_Exercise description_
Wherever pictures appear in the listing below, leave them out, and copy exactly, and only, everything from the line with "How And Why" down to the line with "Leileen Sparkle Pant in Black".

Data shown below:

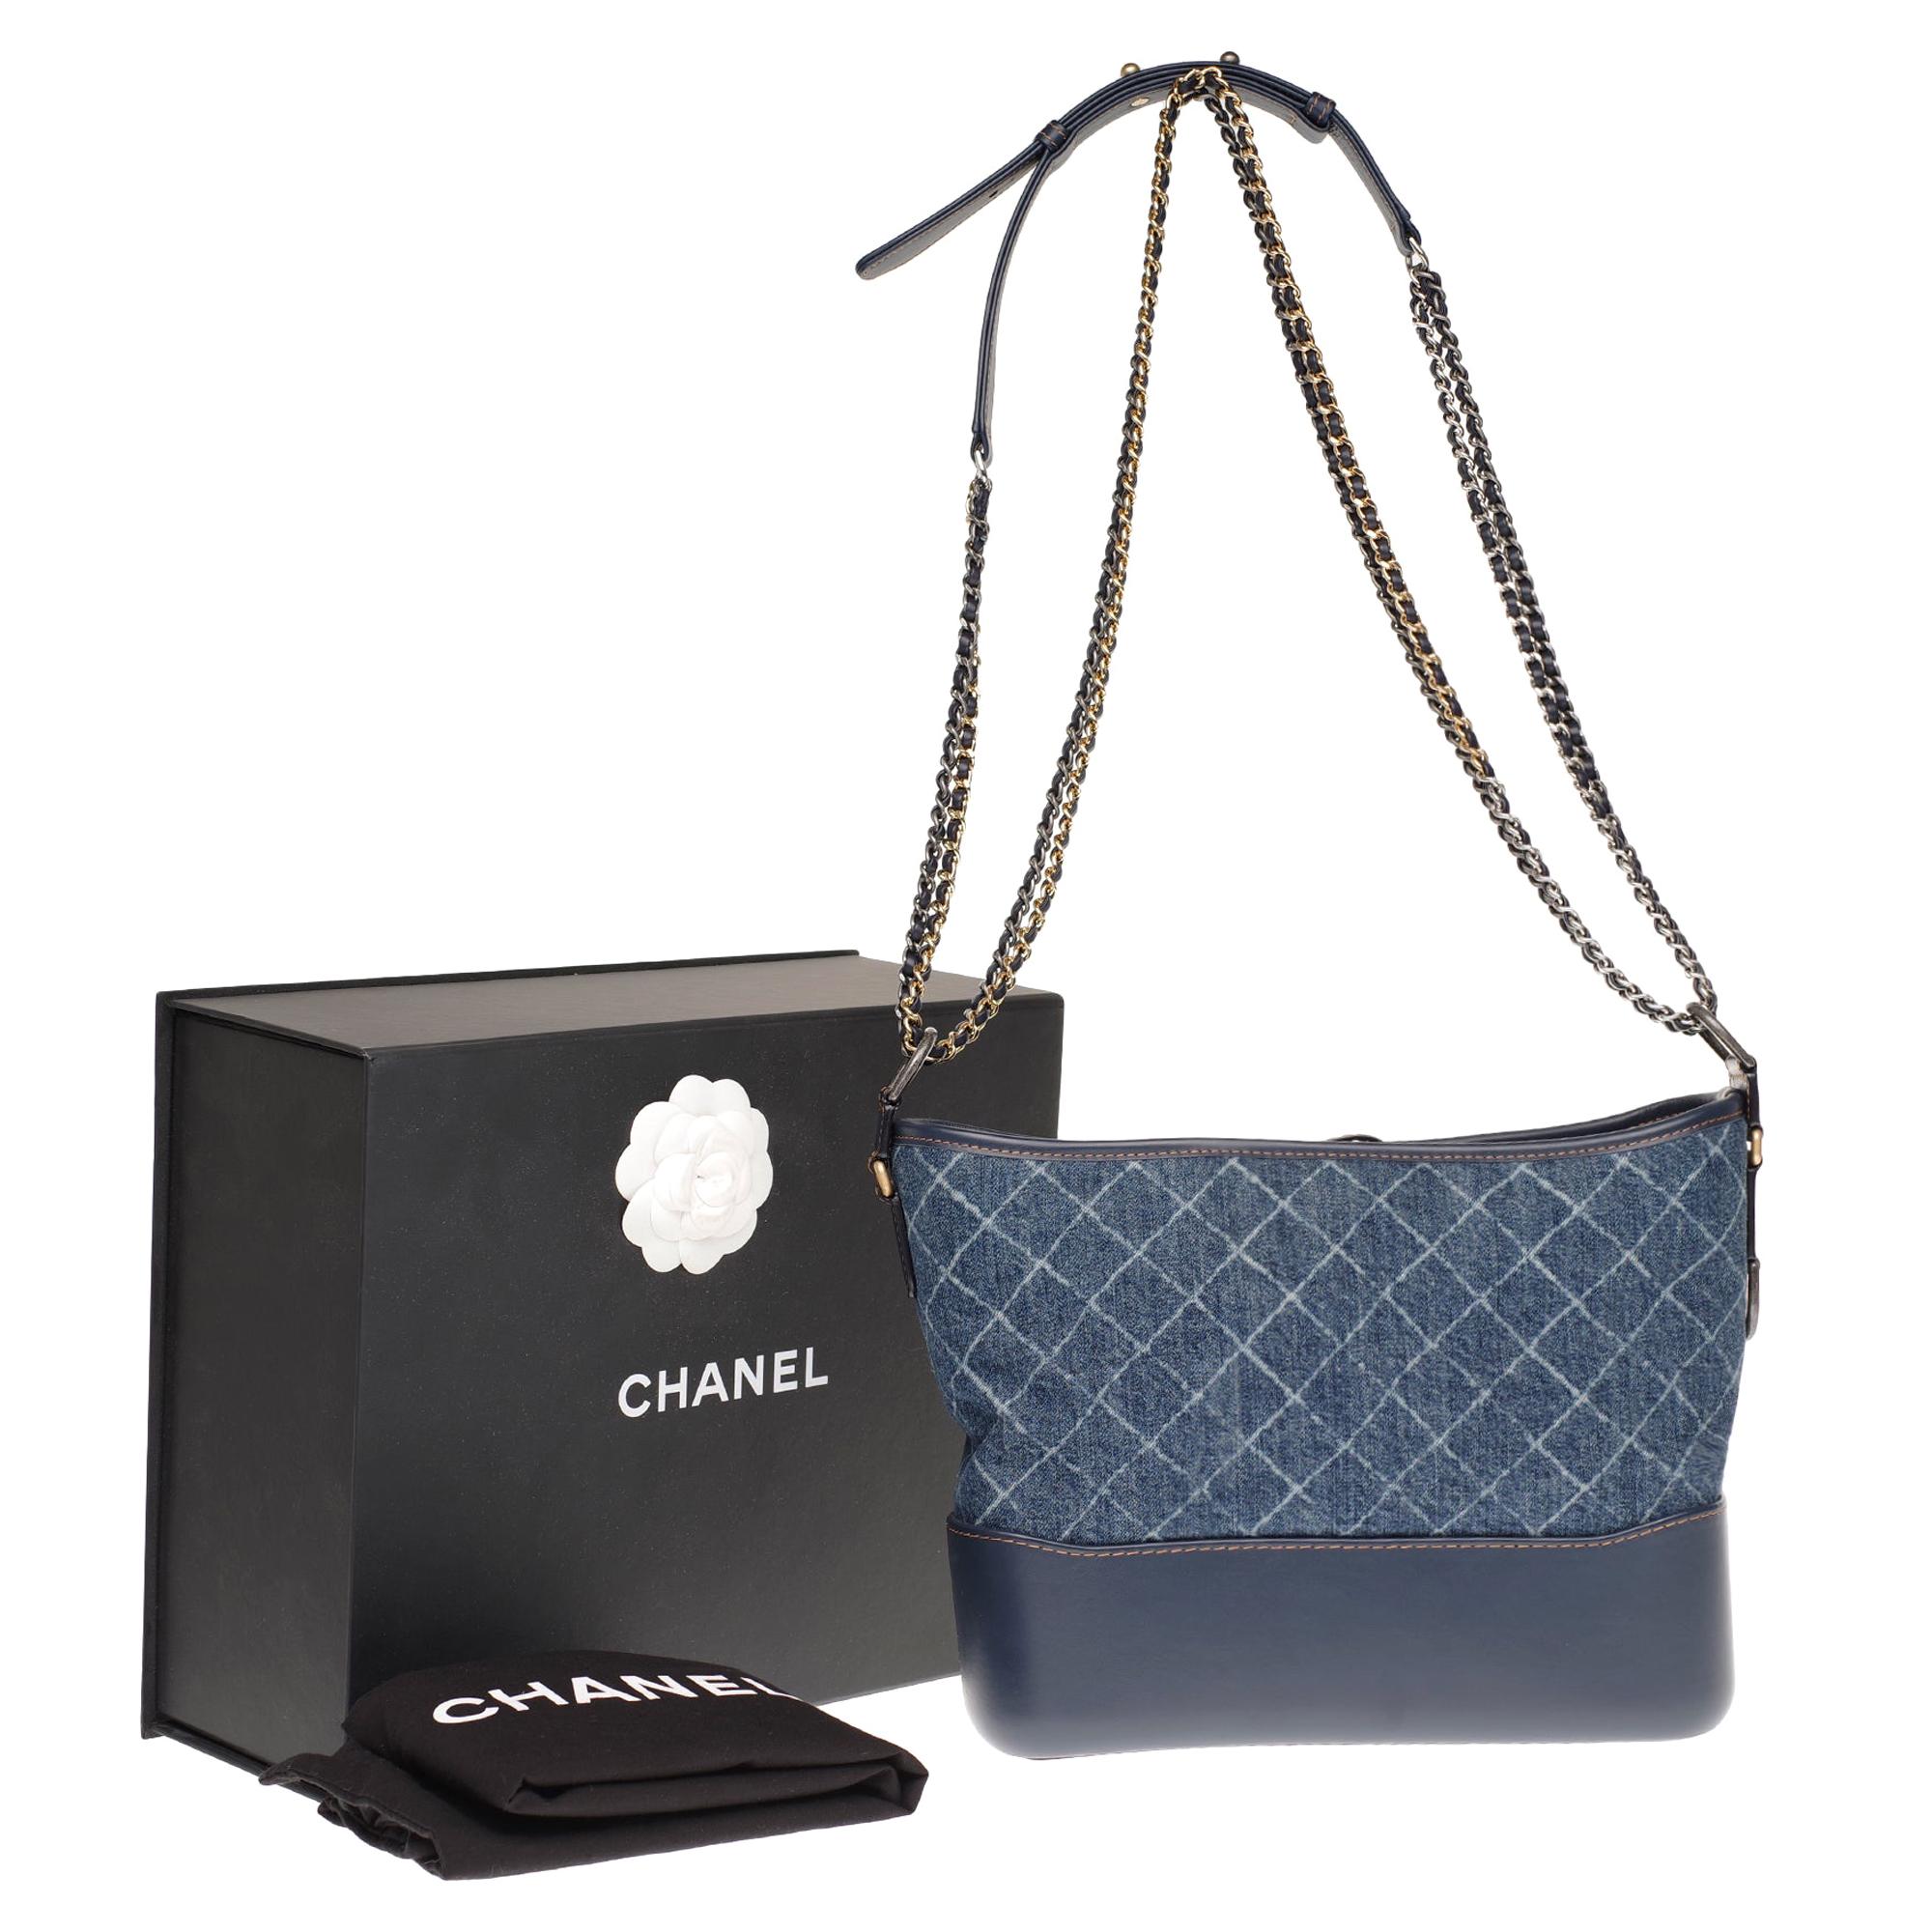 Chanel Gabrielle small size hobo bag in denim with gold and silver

End of Data shown.
Data shown below:

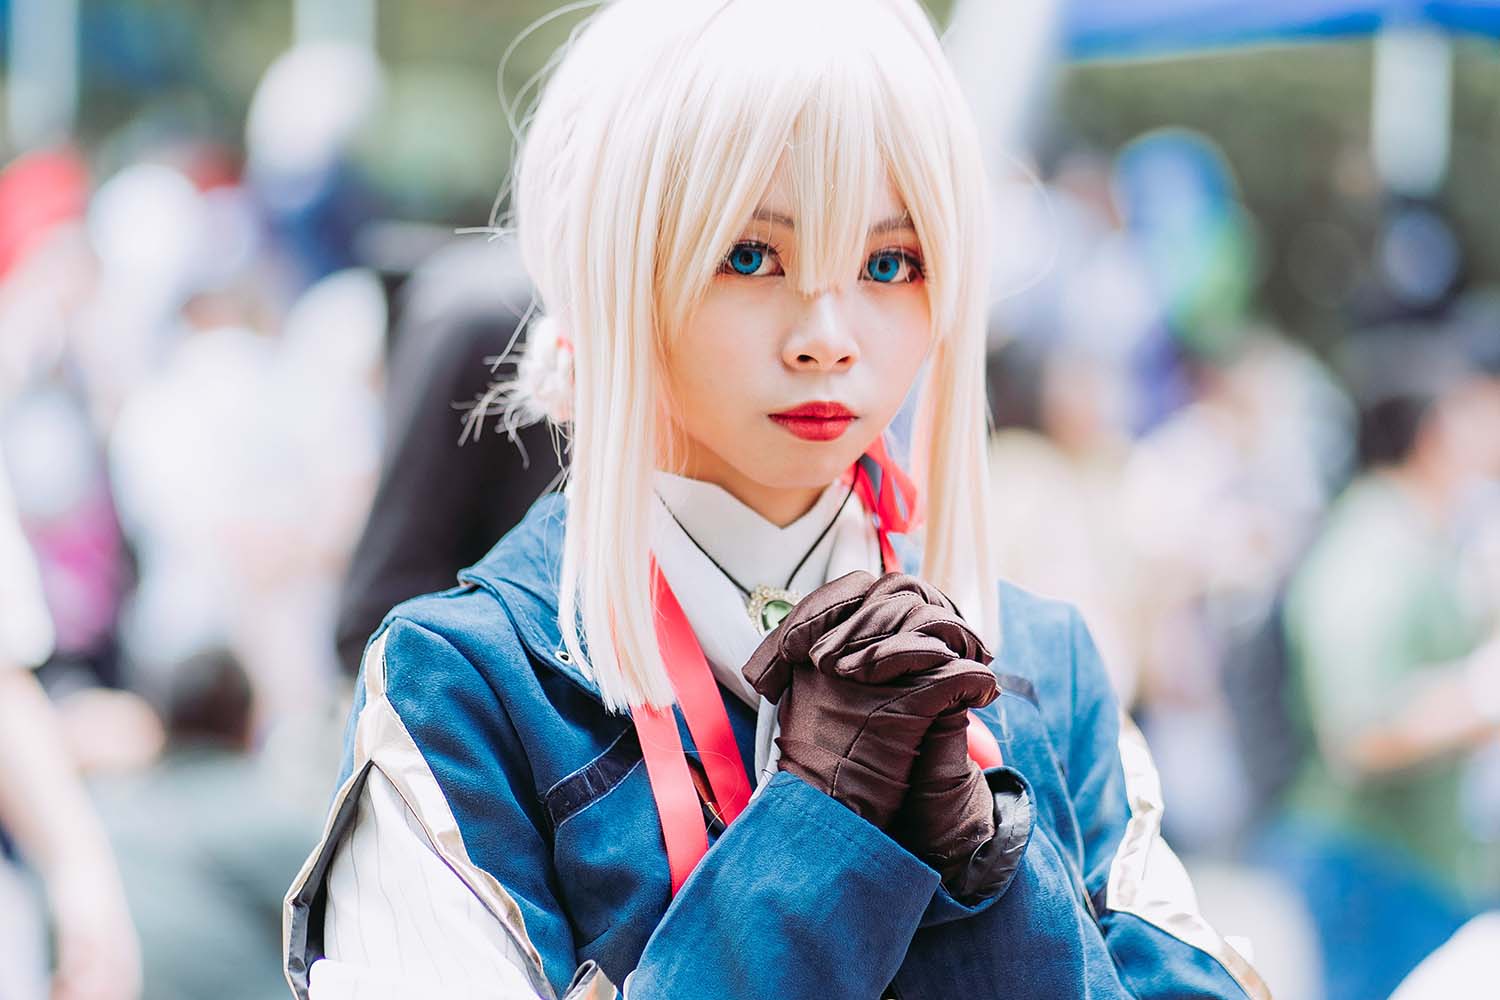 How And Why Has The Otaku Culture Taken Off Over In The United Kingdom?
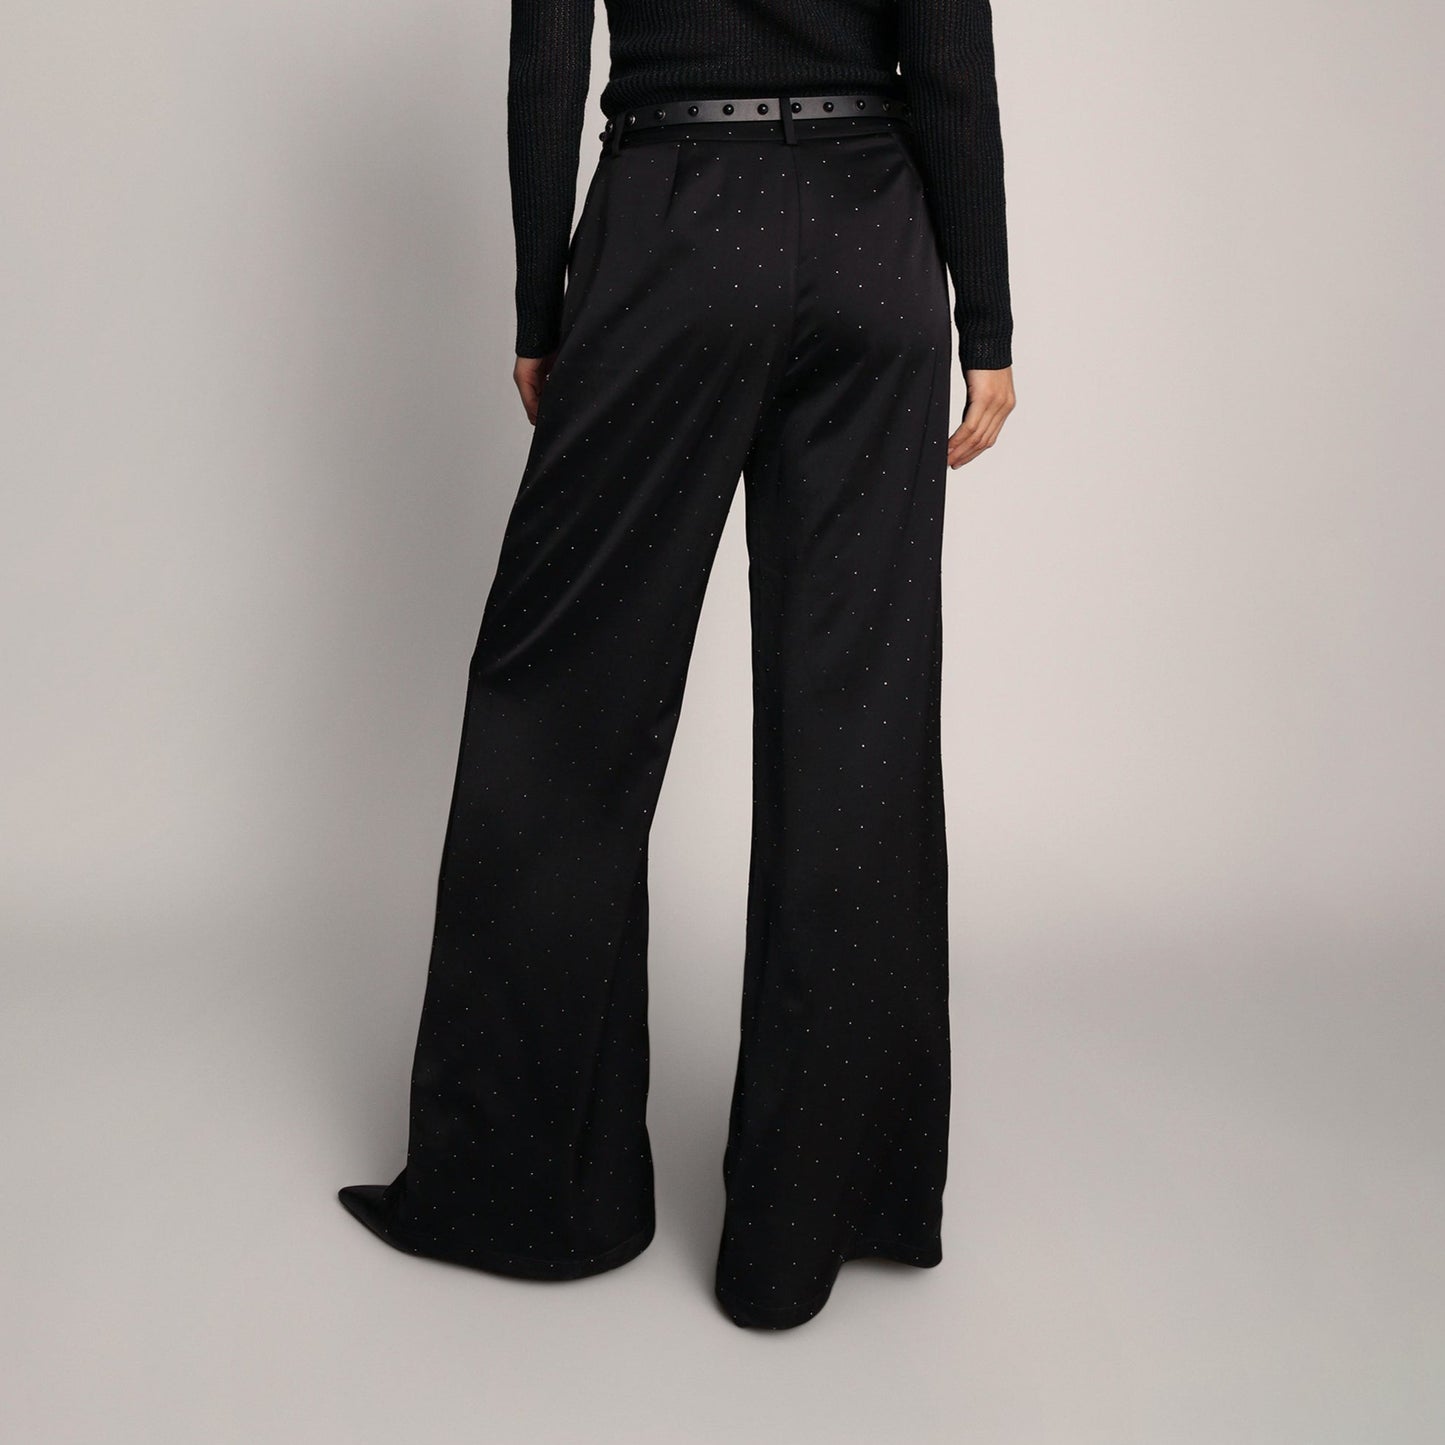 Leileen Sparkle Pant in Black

End of Data shown.

_Solution for this exercise_
 How And Why Has The Otaku Culture Taken Off Over In The United Kingdom?
 Leileen Sparkle Pant in Black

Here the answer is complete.